As veterans we know that wearing a reflective belt is the key to staying alive in a war zone. In addition to being mortar proof, these mandatory strips of neon plastic ensure that the wearer maintains maximum visibility at night (to scare off snipers, of course). But when worn over civilian work attire — or any attire, for that matter — the reflective belt looks really, really, really dumb. Our advice: burn that sucker the day you get out.
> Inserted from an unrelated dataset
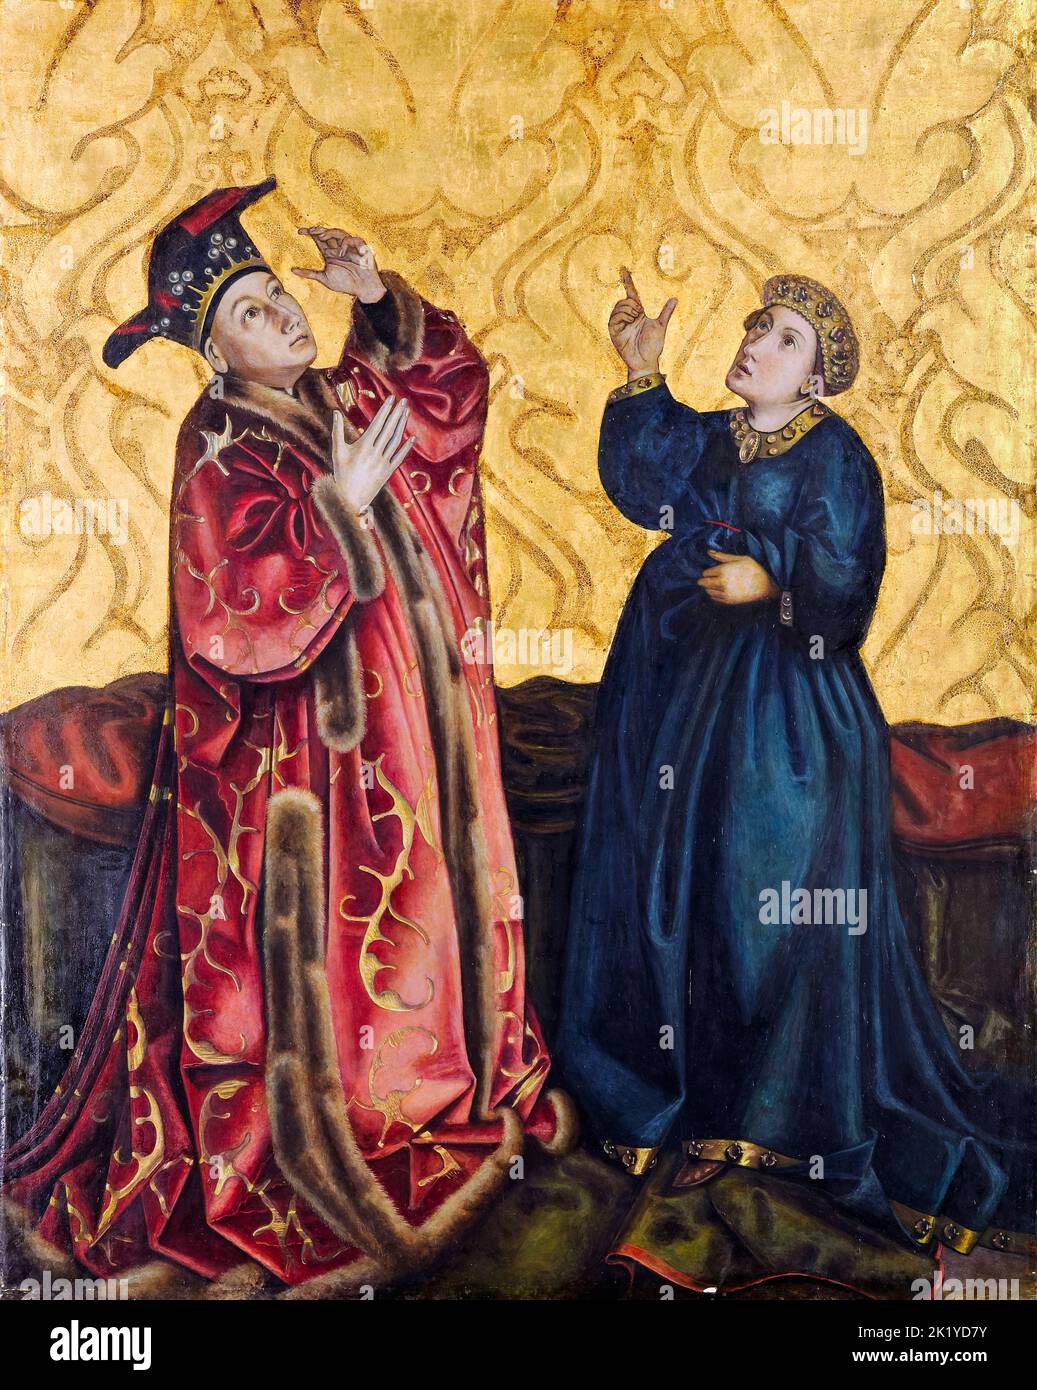 Emperador Augusto y la Sibila Tiburtina, pintura copiada en temple sobre madera por Gertrud Bock-Schnirlin según Konrad Witz, alrededor de 1933 Foto de stock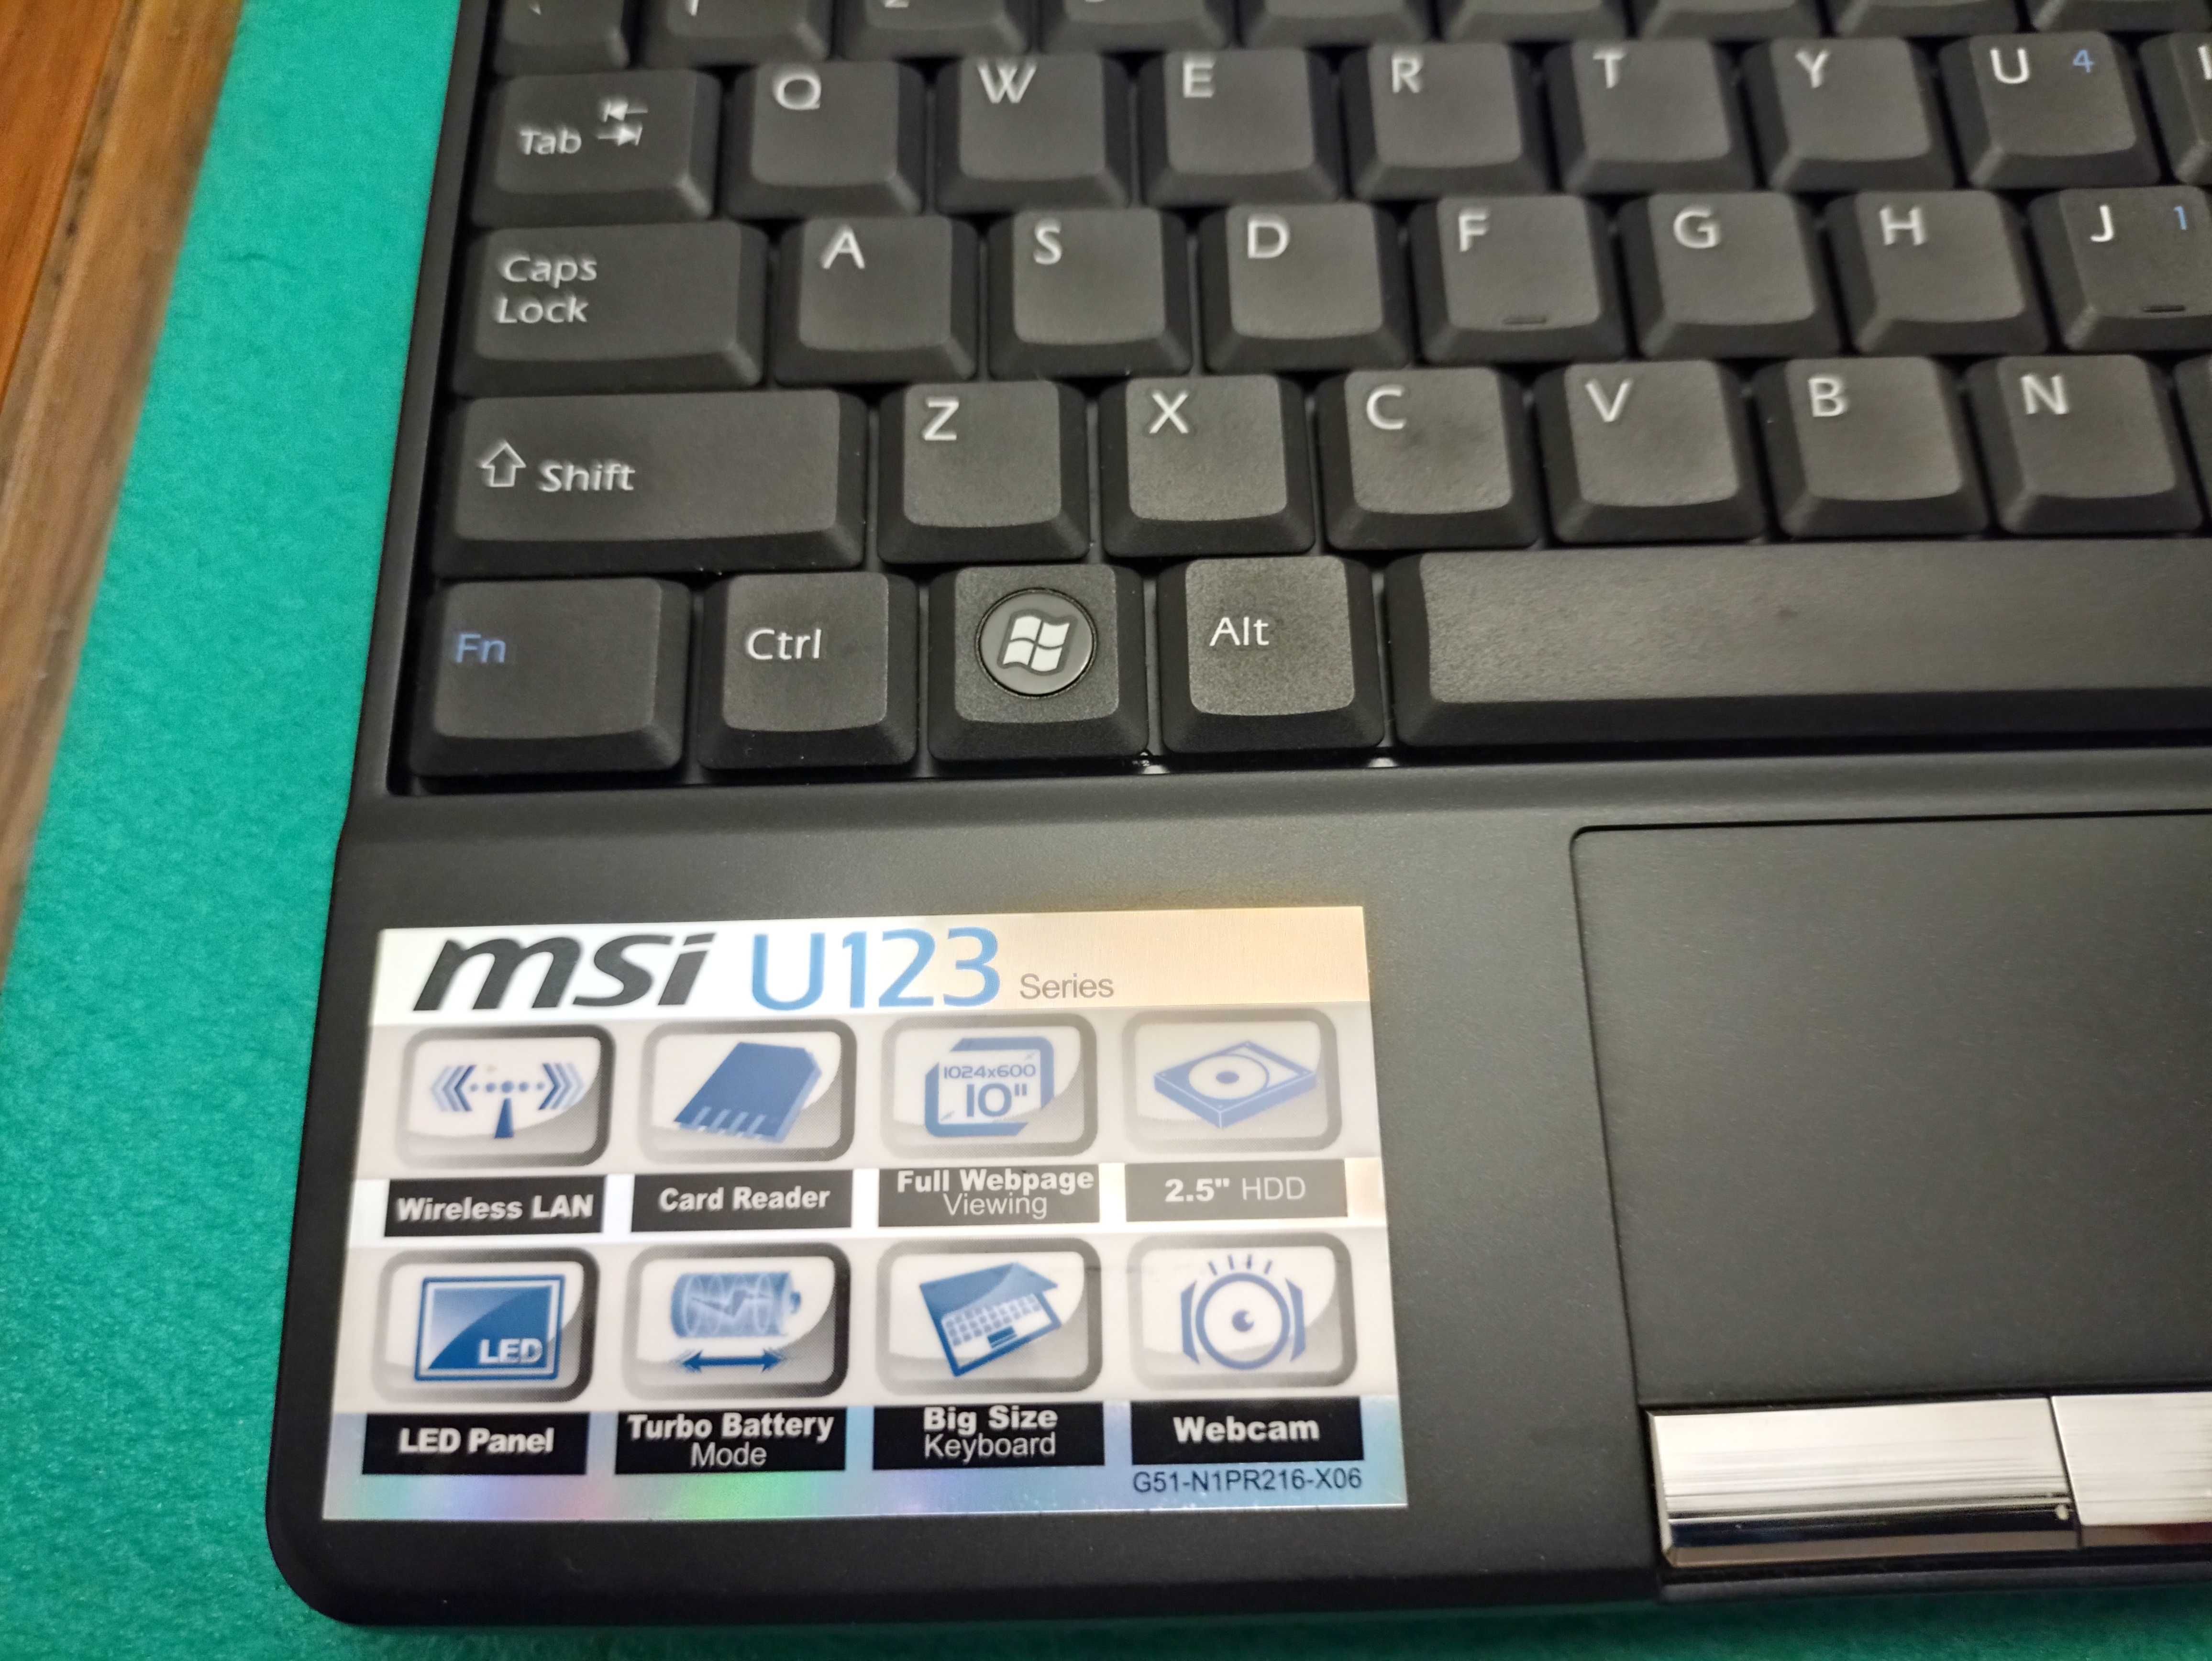 Notebook MSI U123 10”, Intel Atom N280 1.66GHz, 1GB RAM, 160GB HDD

Related: 6 military stereotypes that are just plain wrong >>

4. Bringing feral dogs to work.

In Afghanistan, my platoon found a dog. She was covered in ticks and smelled like rotting goat carcasses, but we kept her around because she boosted morale. While adopting a platoon mascot off the trash-strewn streets of Kandahar is fine when you’re at war, here’s the thing about being employed in the civilian world: Feral dogs are a definite no go in the workplace. Why? Because they attack people and carry rabies.     

5. Bathing with baby wipes.

Using baby wipes to cleanse your body of filth and grime is essential to maintaining personal hygiene while deployed. The last thing the guys in your platoon need is to constantly smell your moldy balls. But back in the States, where E. coli-free water is abundant, relying exclusively on the baby-wipe bath to stay clean will only lead your civilian colleagues to suspect that you live in a van down by the river. If you do, that’s cool. Just be sure to invest in some soap.

In this March 12, 2016, file photo, Marines of the U.S., left, and South Korea, wearing blue headbands on their helmets, take positions after landing on a beach during the joint military combined amphibious exercise, called Ssangyong, part of the Key Resolve and Foal Eagle military exercises, in Pohang, South Korea. (Associated Press/Yonhap/Kim Jun-bum)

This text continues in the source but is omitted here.